Time to get part 2 of that Beginner's Guide to Anime article I started last week out of the way - lest I get distracted and never finish it and years from now, some poor orphan child looking for a handy guide to ease him into the weird world of anime finds himself short changed and goes and watches a load of Jerry Bruckheimer movies instead.
Something that never fails to impress me is taking a genre that looks as if it was mined out years ago and making it feel completely fresh and new. In about 45 minutes, Blood: The Last Vampire does more to make vampires cool and interesting than a thousand lesser movies put together. Putting aside the fact that it's superbly executed in every aspect, what Bloods brings more than anything is ambiguity, along with hints of a rich history that we'll never quite know or understand. For proof of how well they pulled it off, see the live action remake's attempts to fill in the blanks and cringe at how dull it all suddenly becomes.

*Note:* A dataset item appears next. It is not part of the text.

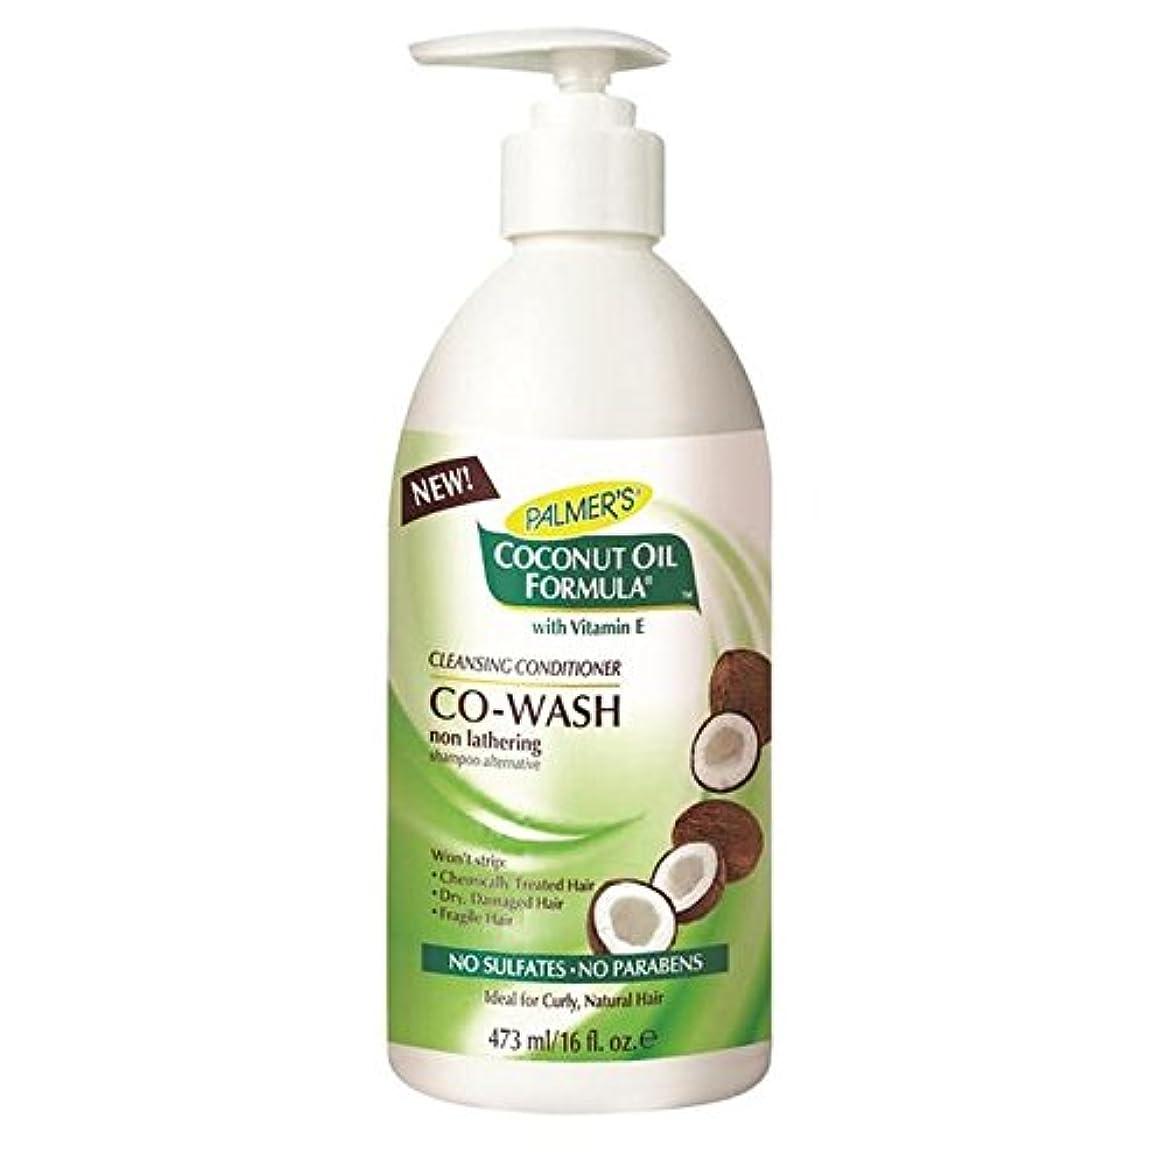 合計抑制する田舎Palmer's Coconut Formula Co-Wash Cleansing Conditioner, Shampoo Alternative 473ml - パーマーのココナッツ式コウォッシュクレンジングコンディショナー...
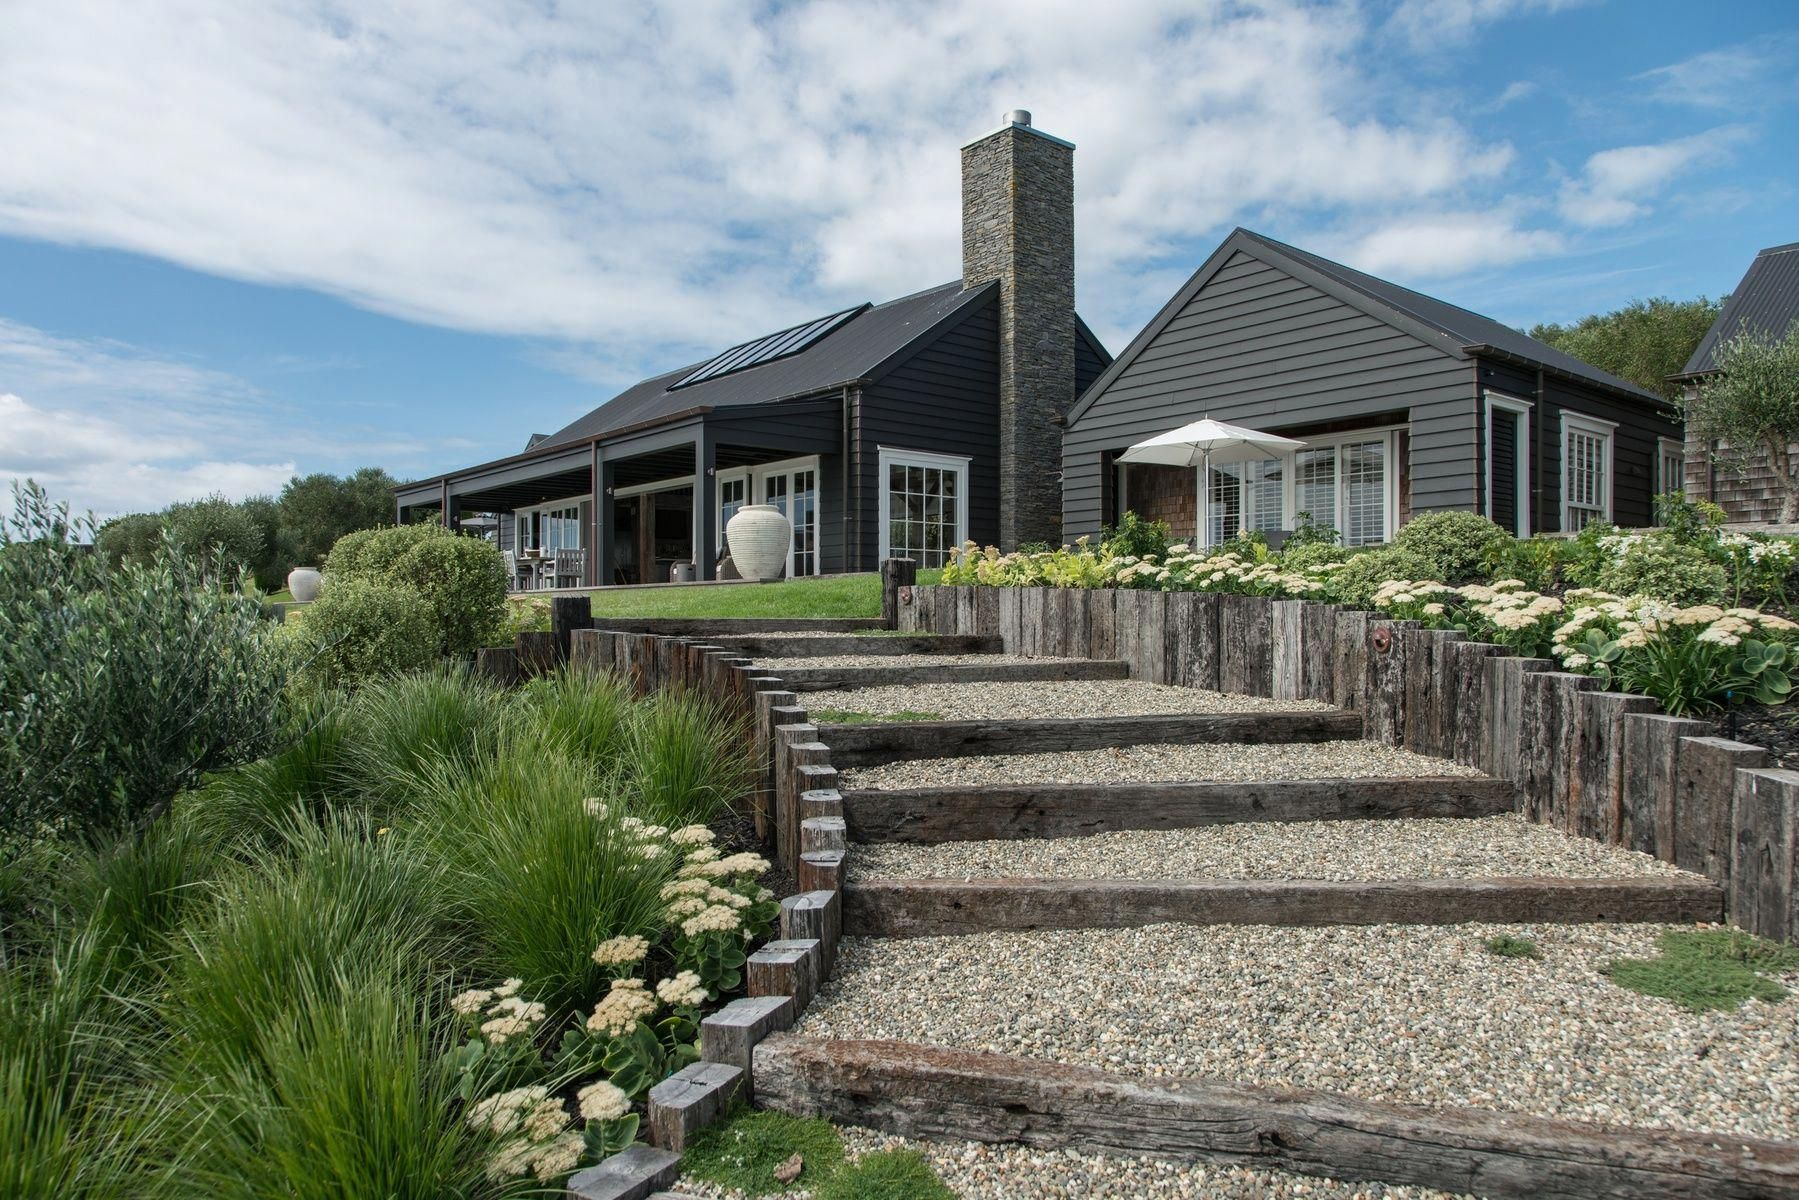 Gardening Landscape Design Definition Landscape Gardening ... on Backyard Landscape Designers Near Me id=80305

Last time I featured Hayao Miyazaki's Princess Mononoke, but no anime top ten of any kind could be complete with just one Miyazaki movie. It's hard to think of a more consistently brilliant director, and equally hard to pick favourites from such a consistently stunning catalogue. But Laputa - renamed by Disney as Castle in the Sky for its international release, for fairly hilarous reasons - was the first anime I ever saw, way back before I had the faintest clue what anime even was, and it blew my mind. Then I rediscovered it years later, and it blew my mind all over again.
Satoshi Kon's death last year left a small but incredibly impressive body of work behind. Again, it's hard (and pointless) to pick out one of his four completed features as his best, since they're all great, but Millenium Actress is my personal favourite. When a documentary filmmaker and his cameraman attempt to interview an ageing actress, they find themselves carried along in her recollections, which jumble in turn with her decades-spanning movie career, and Kon smashes reality, fantasy, history, memory and imagination together into one dizzying whole. Millenium Actress should be incredibly pretensious; in Kon's hands, it's the smartest romantic action comedy ever made.
The third film here from Studio Ghibli, and the first not to be directed by Miyazaki, Grave of the Fireflies is probably the ultimate weapon against the old "animation is just for kids" argument. Set in World War 2-era Japan, Grave follows brother and sister Setsuko and Seita as they try to survive alone after their mother's death in an air raid. If that sounds like tough watching then, well, it is, but there's an innocence and kindness to Takahata's film that always keeps it clear of miserabilism. Which isn't to say it won't break your heart a few dozen times before the credits roll...
Because every anime top ten needs at least one movie where school kids pilot giant robots. And because Evangelion: You Are [Not] Alone is so good, it doesn't matter that it's practically a check list of genre cliches. Anyway, in fairness that has a lot to do with the fact that this is the first of four films remaking and reinventing one of Japanese animation's defining series. But even if it wasn't, Evangelion would still be thrilling. Like Blood, it takes a familiar concept - in this case, the uniquely Japanese notion that the best way to defend against alien (in this case, angelic) invasion is to force school children to fight them in giant robotic suits of armour - and tells it so earnestly, brilliantly and blisteringly oddly that it feels like the first time all over again.